Was going to pen a post about the proper way to import a vehicle to the US from Japan, but this article from might be a better lesson, or at least good for a laugh.

NOTE:  Keep in mind that the article is from 2014, so the costs will need to be updated.

Read the first (not) legally imported R32 GTR article filled with misinformation and the wrong way of doing things and decided to post my experience.

Why I Did It:

I tried buying numerous cars before this, however prices on enthusiast cars in minty condition were skyrocketing. Skipping everything i looked at and tried to buy right before I finally decided to import I tried to buy two different MR2 Turbos only to have my offers rescinded and this was at a $7000 offer on a non-perfect car with a lot of miles both times. I was on a Canadian forum and I saw how much less money cars like this were up there due to imports, which is when I decided to do it.

I decided to import a Skyline R32 GTS-T

Super Clean Skyline R32 GTS

Super Clean Skyline R32 GTS


The first two importers I checked with were Right Drive and JDM Legends. Both I got quotes from, the same price at $8000. This seemed like an excessive amount since I saw them selling for much less in Canada. On top of that they wanted me to pay shipping from their location instead of shipping it to LA or San Diego. For Right Drive this is in excess of $2000 and I wasn’t about to drive a newly purchased unregistered car from Ontario to Las Vegas. JDM Legends was in Utah but the quote was excessive so I decided to look elsewhere.

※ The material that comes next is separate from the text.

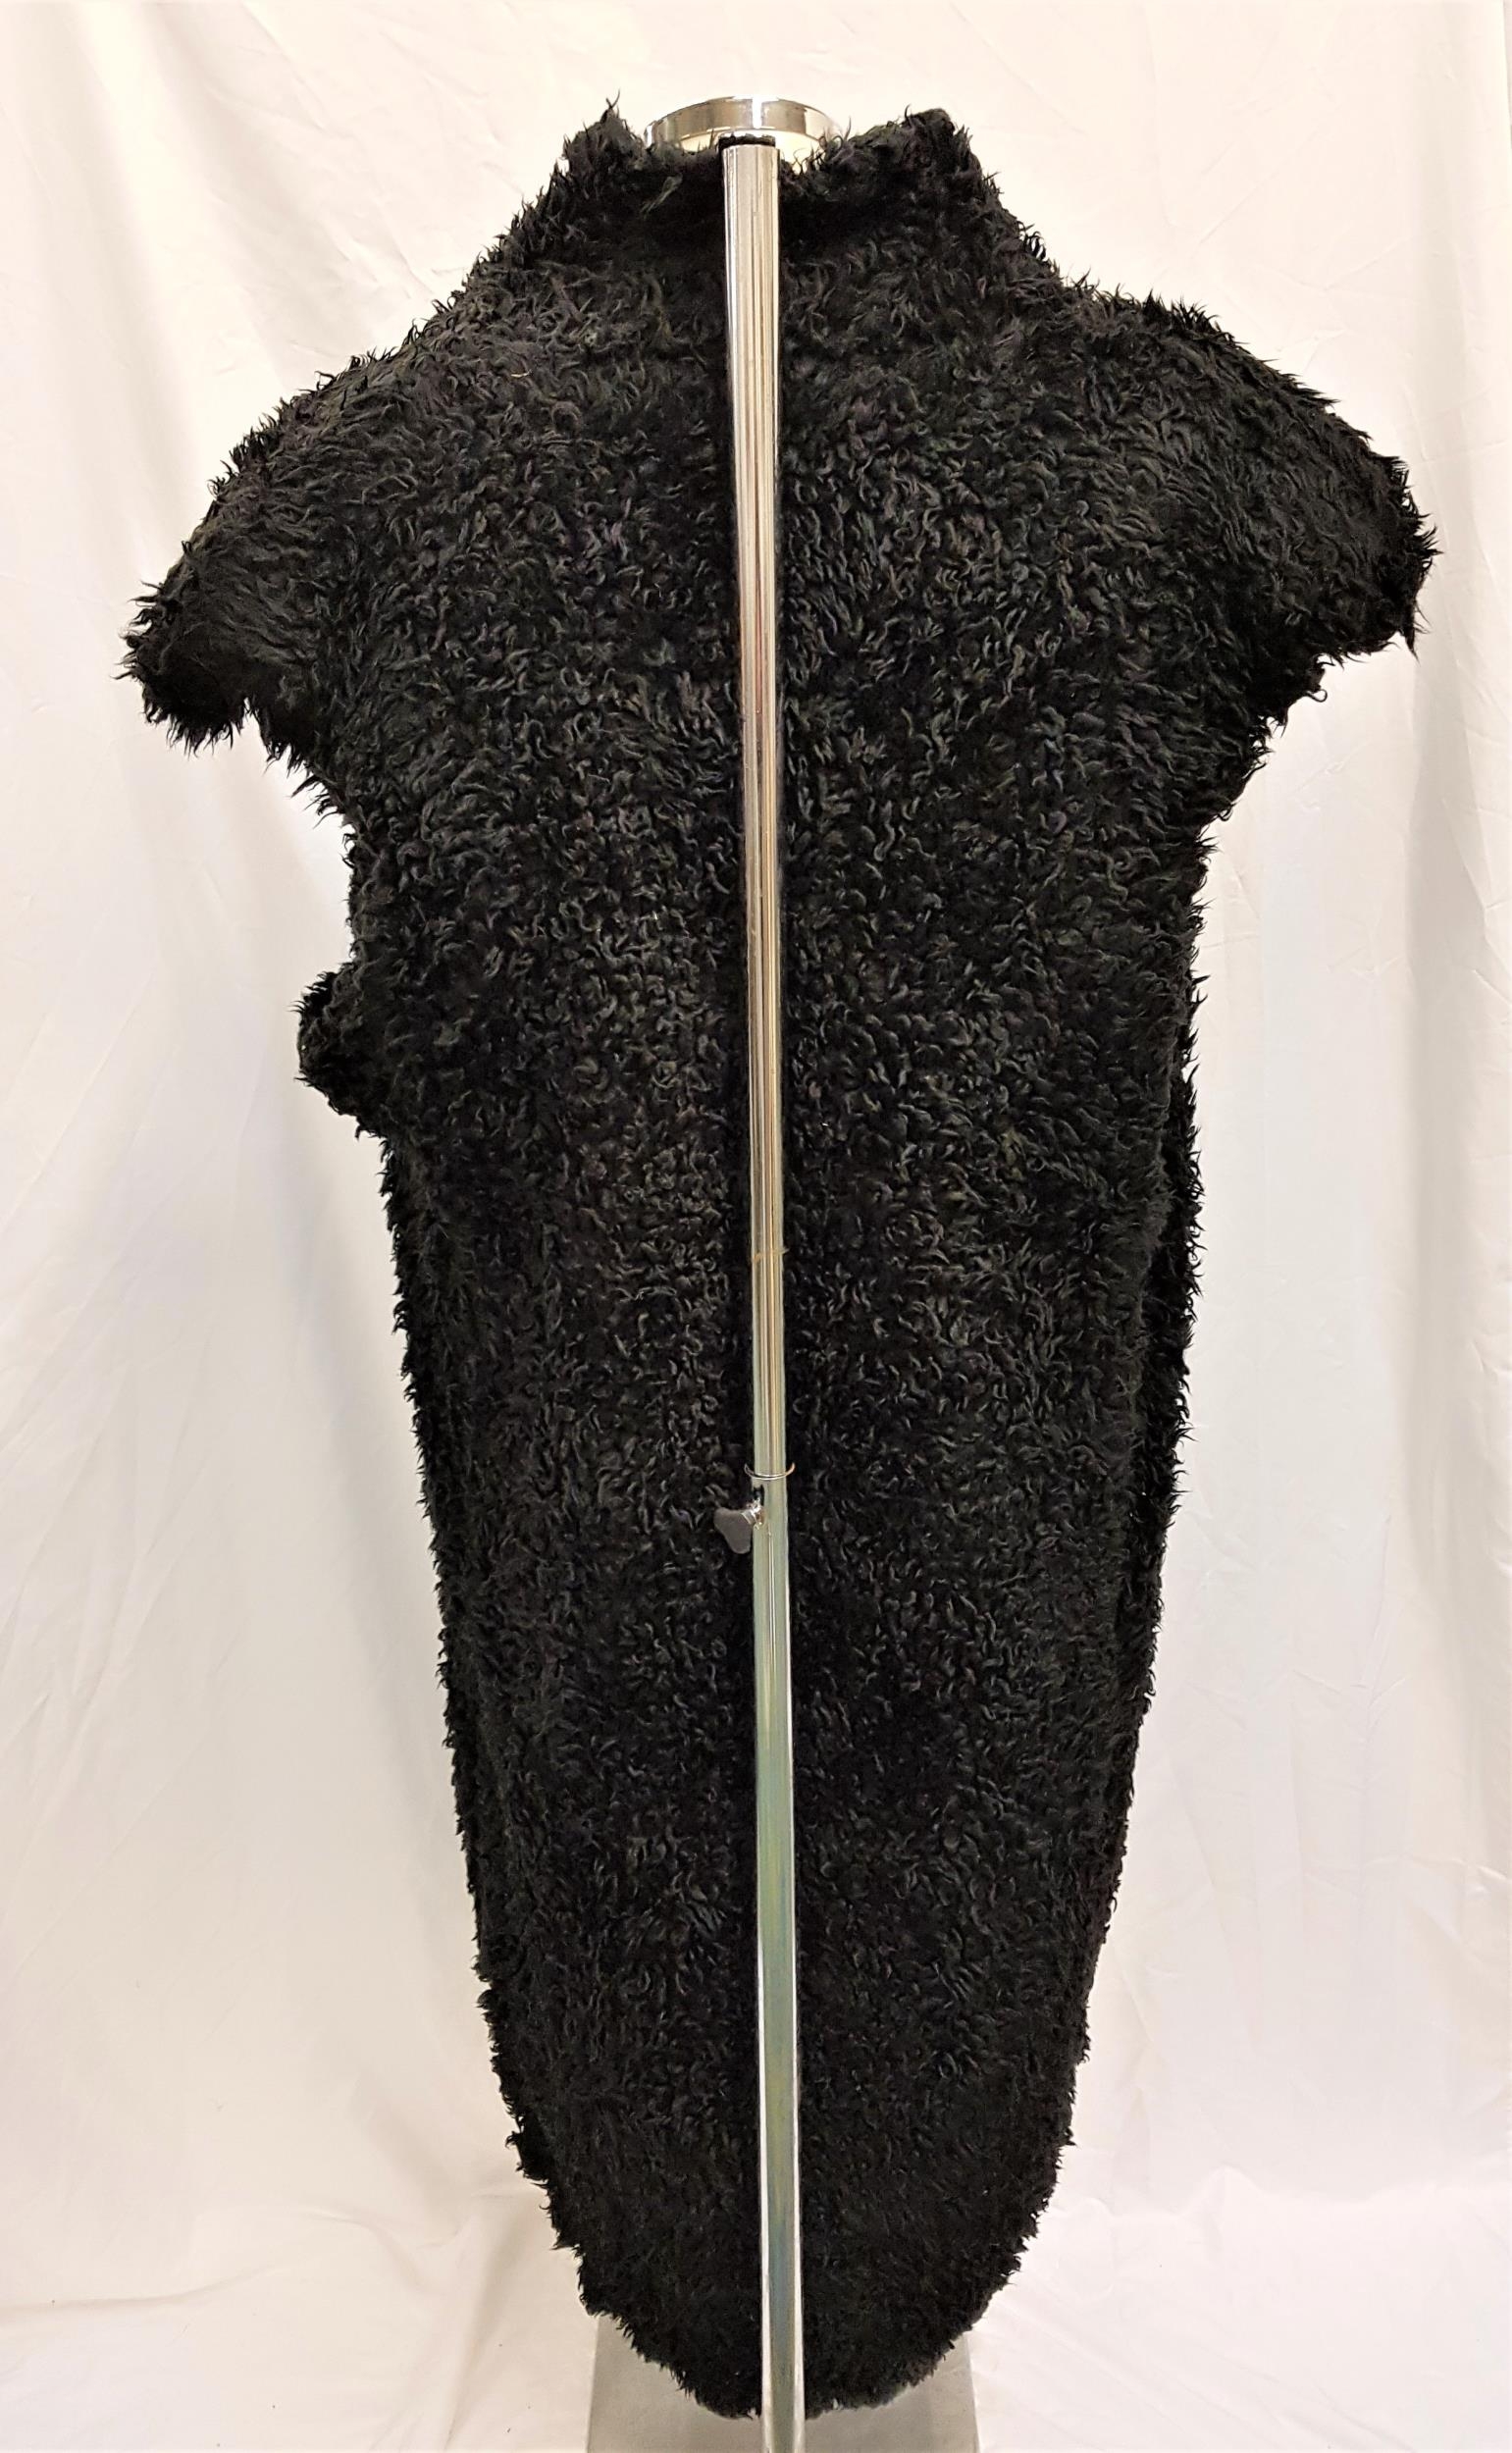 THE FLINTSTONES (1994/2000) - MEN'S FAUX FUR COSTUME the large black faux fur sleeveless coat with a - Image 2 of 5

After some searching on Japanese Nostalgic Car’s forum someone said I should contact Derek at Pacific Coast Auto. Derek is a Canadian who lives in Japan and ships the cars internationally. He has an auction tool on his site where you find Japanese car auctions and you tell him which car you want to bid on and how much. Browsing the site there were a lot of very good condition cars being sold for pennies compared to what i’ve been quoted on. He said I could probably get a Skyline GTS-T for $2500 and all his fees including shipping costs were $2000 so I decided to go with him. After watching the auctions and feeling like I missed out on a couple of cars I decided that I was in. Saw a 4 door Skyline GTS-T sell that was in absolute immaculate condition as well as a Mazda Familia GTR that I was also interested in. I wanted to bid so I had to send him a $1000 deposit and set up with a company that wires funds internationally. The time it took to set it up made me miss out on those.

The deposit cleared, at that time there were 3 cars available. A heavily modded GTR and two GTS-Ts one 4 door and one 2 door. I was curious about all 3 of them so i’ll explain how Japanese auto auctions, when using Pacific Coat and I assume someone like him, works.

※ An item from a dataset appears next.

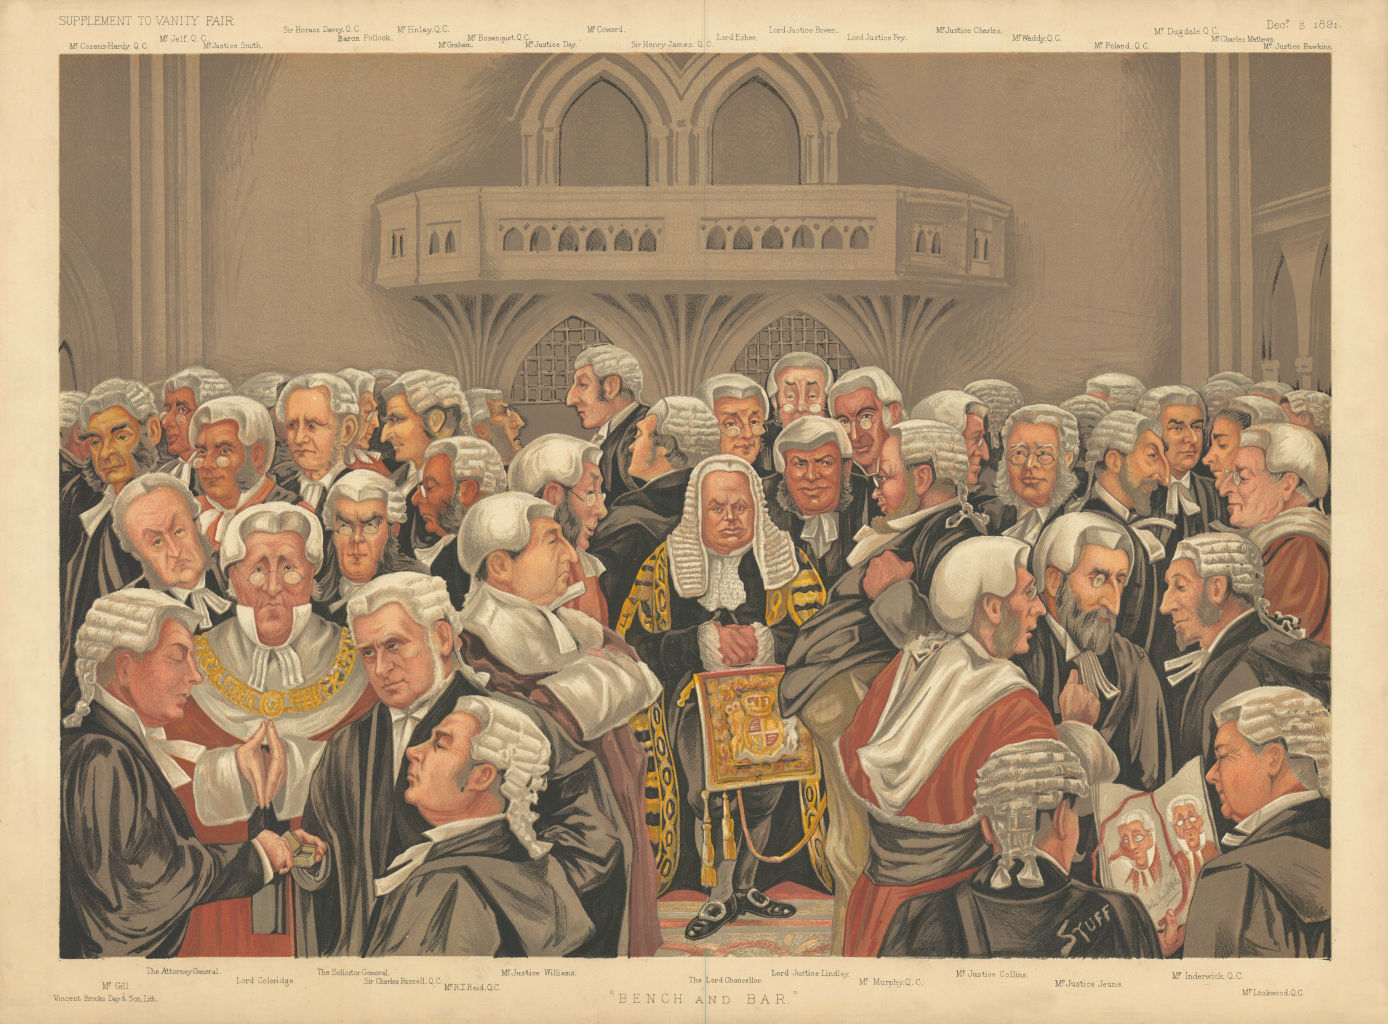 VANITY FAIR SPY CARTOON FOLIO. Group of jurists 'Bench & Bar' By STUFF. Law 1891

Japanese Auctions Using The Importer:

Every car has a rating, some images, and an auction sheet. There are also several auction locations throughout the country that list the cars at varying times before they are to be sold and have varying quality of images and inspections done.


Each car has a rating. A number of 1-4 some sites have higher numbers and typically as well as letters like R. The higher the number the higher the quality with R seeming to mean the equivalent of a salvage title car. The cream of the crop are 3.5 and above. 3 and below typically may have rust or other issues. The auction sheet is pretty much an inspection of the car, lists any issues or mods on the car, miles, the Japanese equivalent of a VIN which lets you know how it’s equipped with a tool thats on the auction search engine, as well as listing some of that on the car. These sheets are in Japanese and before you bid you ask the importer, in this case Pacific Coast Auto, to translate it for you. If you approve of you see you tell him how much you want to bid up to and they will bid for you.

What I found:

The GTR was, to me, too far gone. It would make people in 2001 right after watching Fast and the Furious envious but in 2014 to a 30 year old? No. The GTS-T 4 door had numerous issues according to the auction sheet in terms of the body condition and I wanted a coupe anyways. Here’s what I decided on:

In two days –

  • USS Hokuriku 7058 (plus 15,000 yen transport)
  • 1989 June Skyline GTS-T Type M
  • 2000cc
  • Grade 3
  • Interior B
  • 131,658 km
  • 5sp, AC, AW, PS, PW
  • Sales points
  • Timing belt changed
  • Electric folding mirrors
  • Report
  • Owner’s manual
  • Report
  • Steering wheel and shift knob wear
  • Seat cigarette burn and wear
  • Right side baffle deformed
  • Right front inner panel dented and corrosion hole
  • Underside surface rust
  • Diagram notes
  • Windshield rock chip

The corrosion hole in the baffle is a problem. That should be fixed. I am not sure how much it would cost to have it repaired though. The underside surface rust should not be much of a problem.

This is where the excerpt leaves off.